• **Task instructions**: When the listing below reaches the line that has "Scatterplot of highway", start reproducing exactly; stop after the line that has "and positioned to not overlap.", and drop the pictures.

• **Available records**:
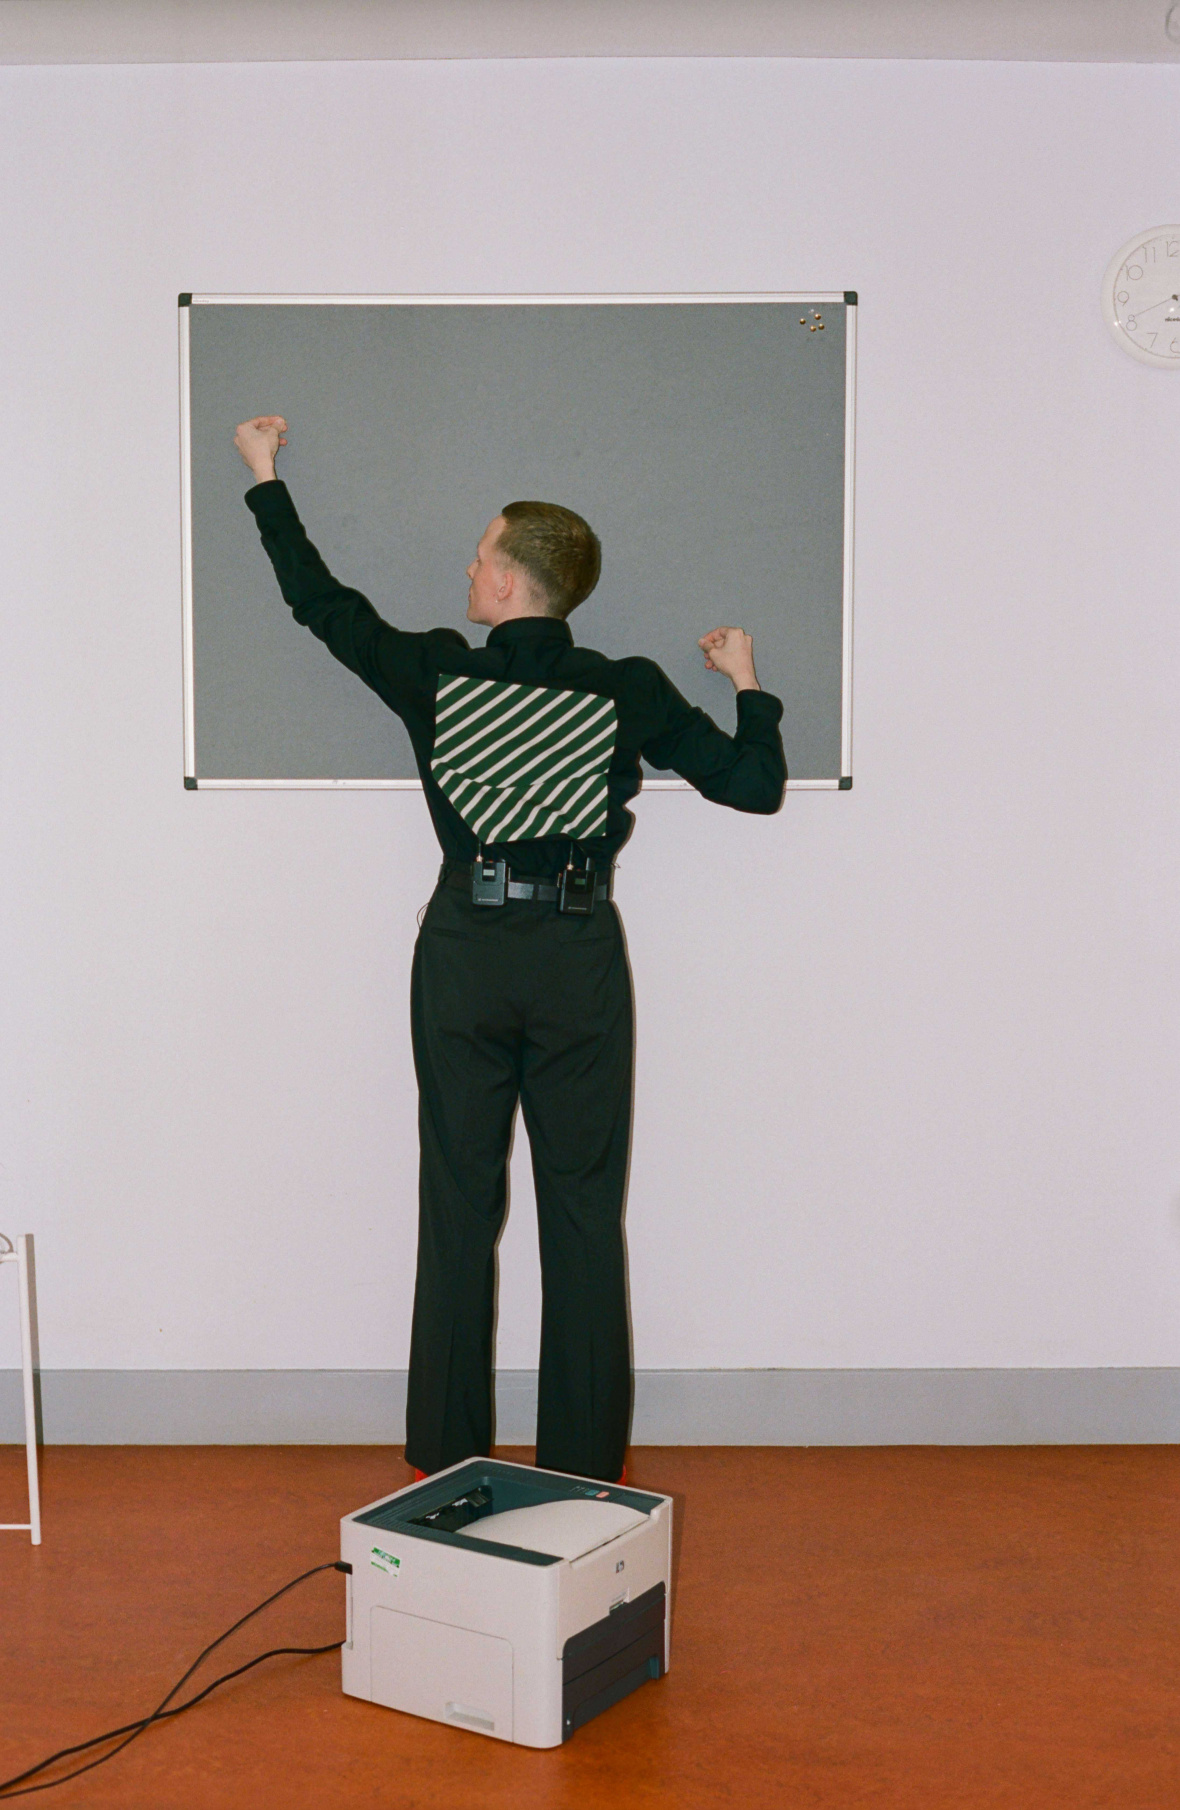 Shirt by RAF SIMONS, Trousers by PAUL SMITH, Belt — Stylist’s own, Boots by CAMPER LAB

--

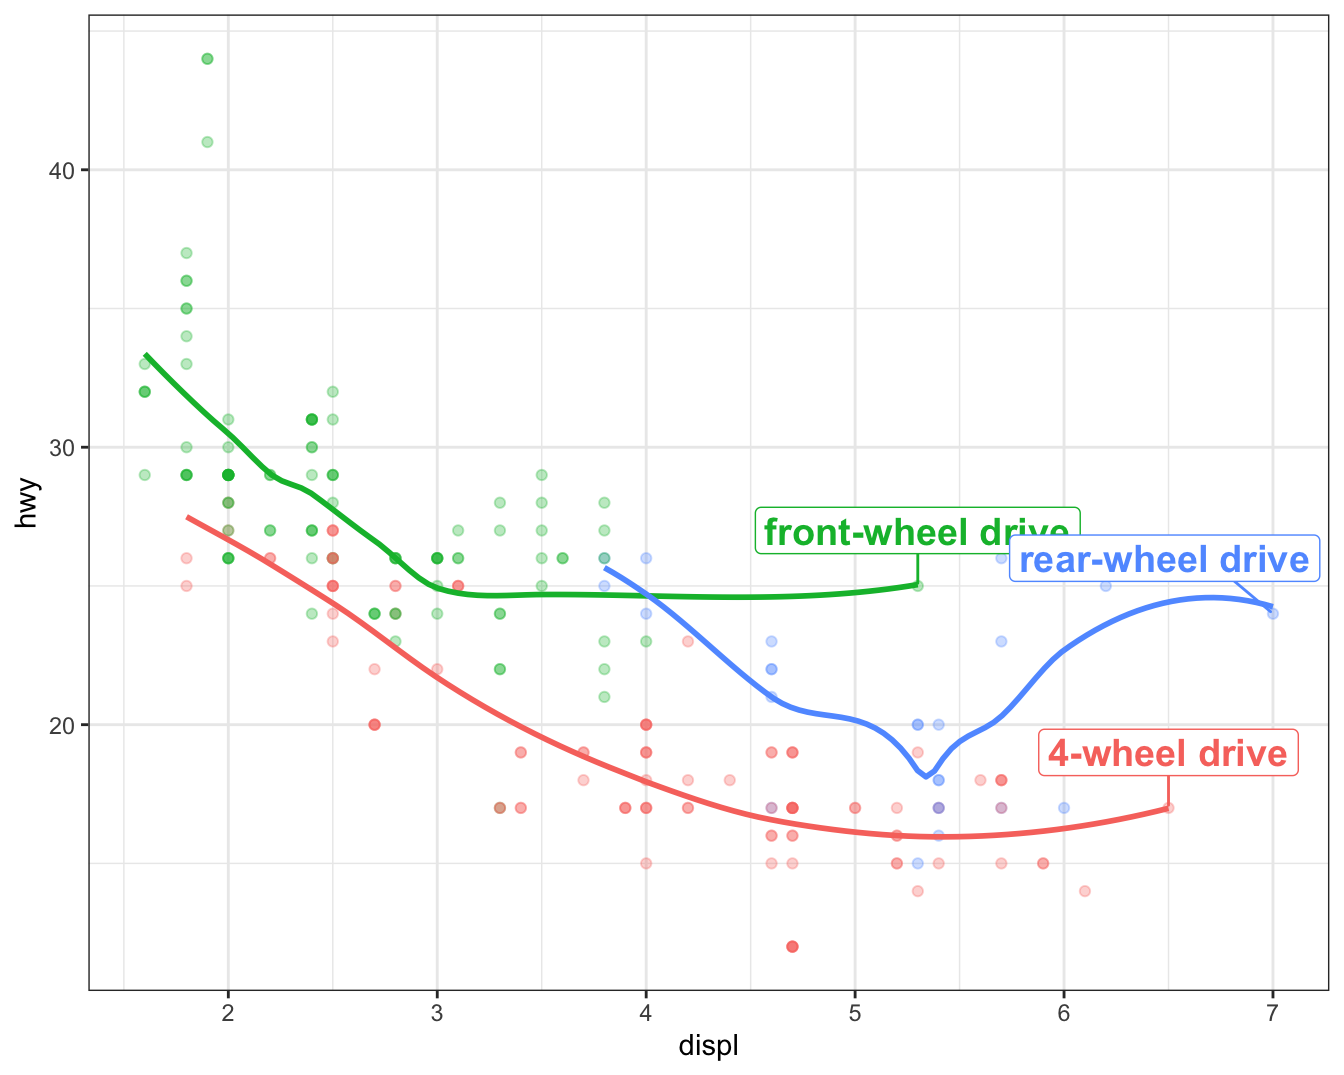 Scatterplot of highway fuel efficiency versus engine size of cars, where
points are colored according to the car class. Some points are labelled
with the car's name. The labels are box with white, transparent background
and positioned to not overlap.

---

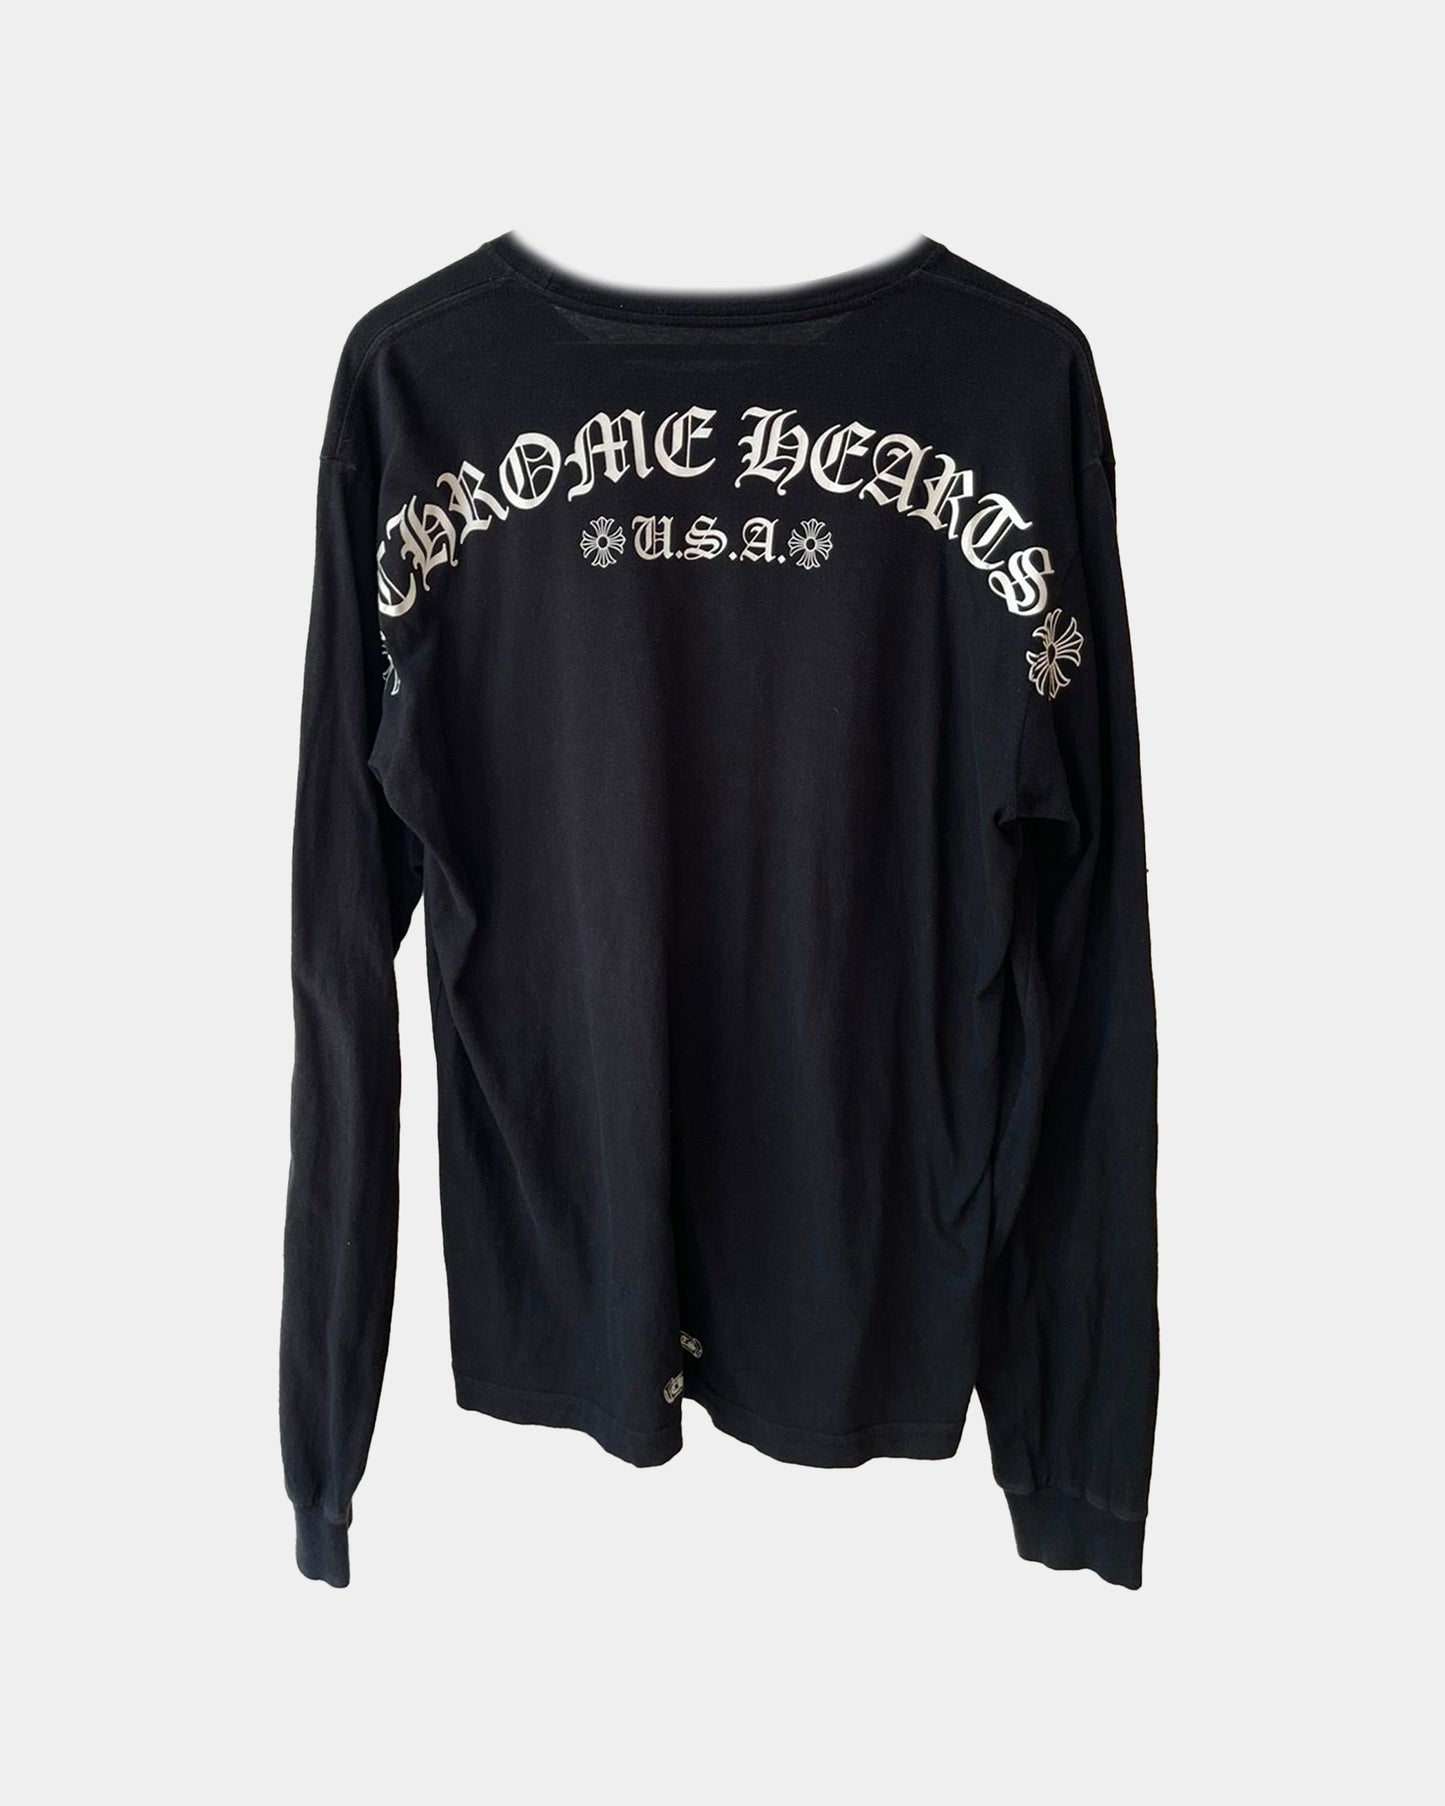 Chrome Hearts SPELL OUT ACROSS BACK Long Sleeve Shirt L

• **Answer to the exercise**:
 Scatterplot of highway fuel efficiency versus engine size of cars, where
points are colored according to the car class. Some points are labelled
with the car's name. The labels are box with white, transparent background
and positioned to not overlap.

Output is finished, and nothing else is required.